— Сможем мы тебе помочь! — пылко воскликнул тут Робин, и бросился к нему, повалился перед ним на колени, и это-то, из-за его физической слабости, получилось так, будто он без сил перед ним рухнул — но он, все-таки, еще обхватил эту фигуру за колени, и не чувствуя тех волн то жара, то холода, которые из нее поднимались — говорил голосом страстным, и сам, казалось, умирал — казалось — это свеча уже почти догоревшая, бьющая последними, трепещущими отсветами пламени. — Любовью своею! Да — в этом твое спасение!.. Ты же все время одинокий — один на один со своим безумием…

— Довольно, довольно… — вновь раздался голос страдальца.

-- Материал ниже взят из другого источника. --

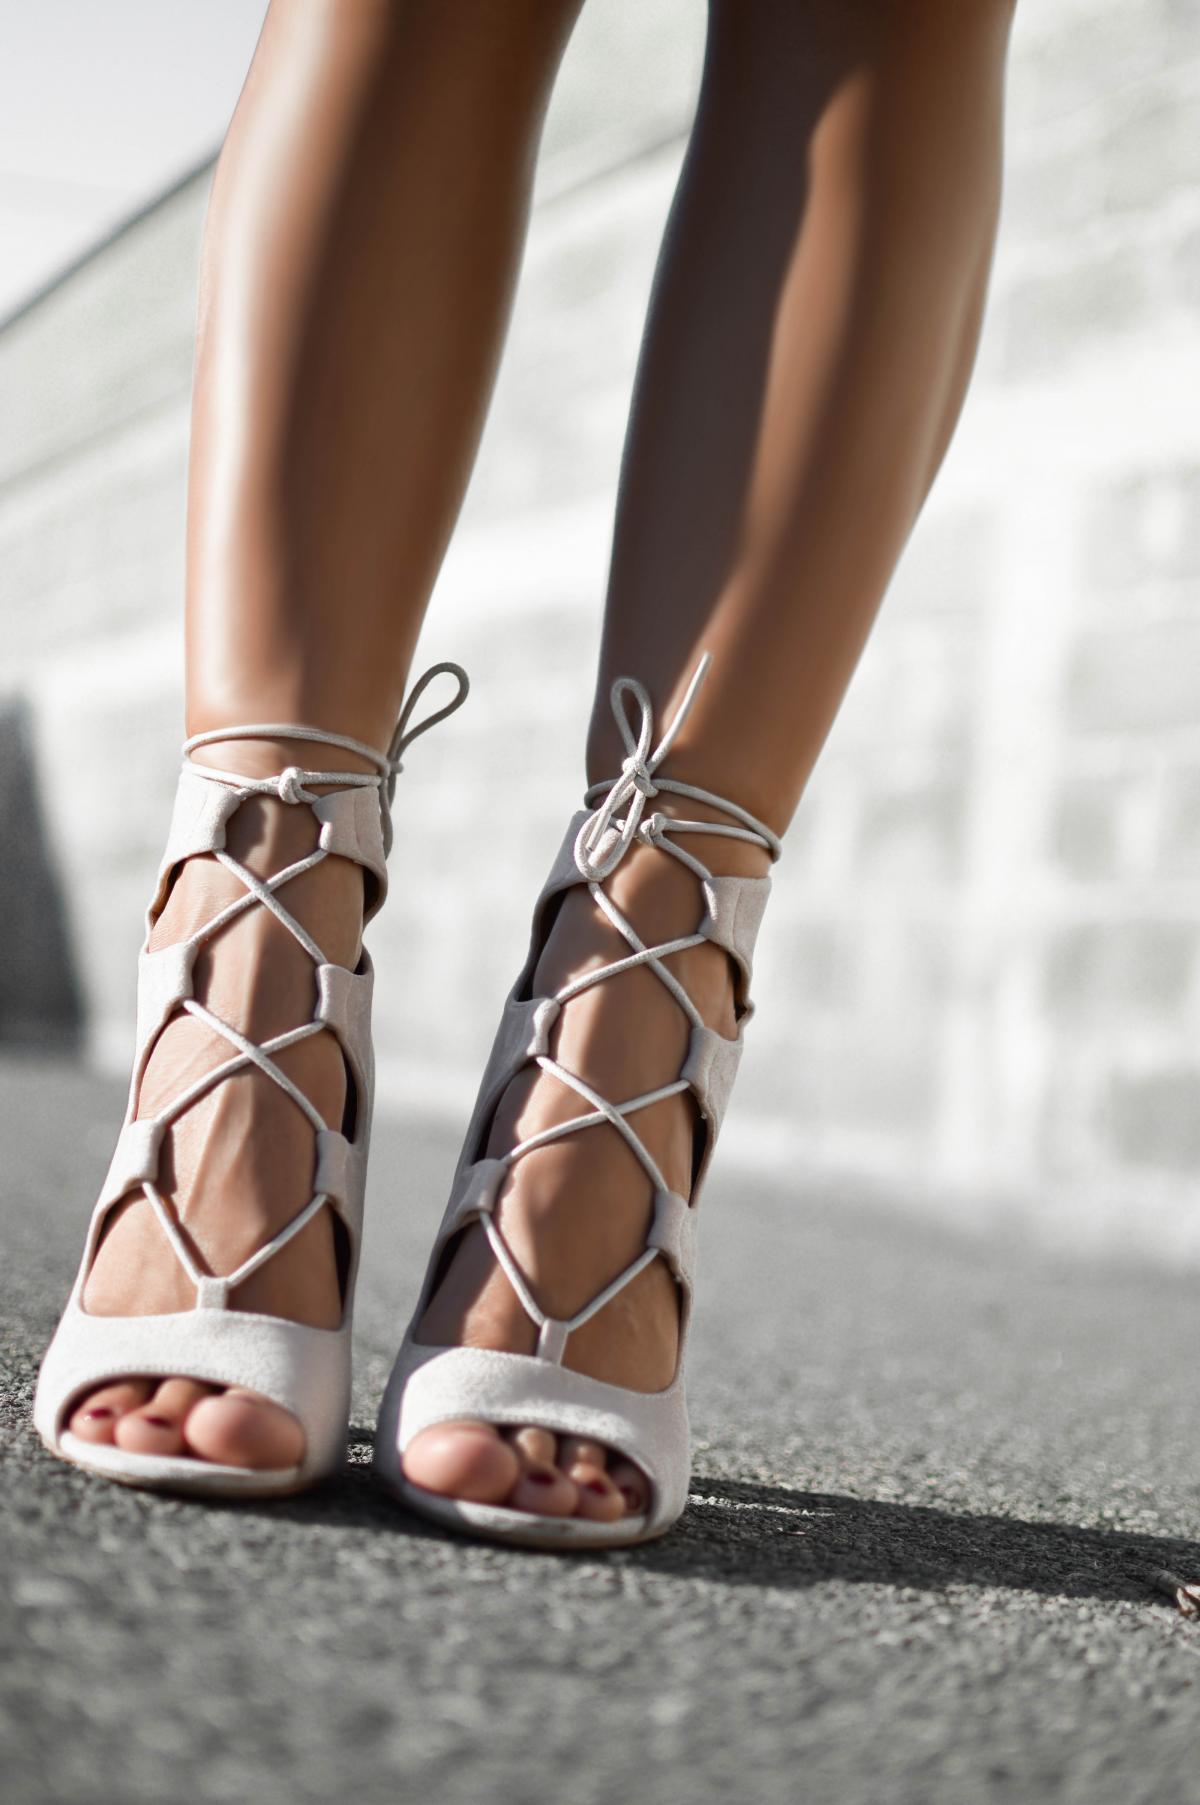 Shoe Footwear Foot

— Нет! Нет! Не довольно! — еще с большим жаром воскликнул Робин, и резко обернулся к иным братьям, которые, с пылающими очами стояли совсем близко, но так и не решались подойти. — …Что ж вы стоите?! Все вместе!.. Смотрите — вот он, бывший повелитель бурь и драконов, чародей в чье темное сердце и сам Манвэ не мог проникнуть! Кто был несчастнее его?!.. Разве что один Мелькор — первый его учитель!.. Но вот он слабый, вот он отчаявшийся… Мы и сами из ада вырвемся, и ему поможем… Ну, что же вы стоите?!.. И вы, жены энтов, и вы, эльфы — чего же вы ждете, чего медлите?! Вам ли, созданиям света, знающим любовь не найти для него прощения?! Ведь, если не сможете простить этого страдальца, так сами значит в мрак сойдете — посмотрите — он же сам пришел к вам с мольбою! Не в схватке с ним, но в прощении, но в излечении будет ваш подвиг великий… Любите, любите его!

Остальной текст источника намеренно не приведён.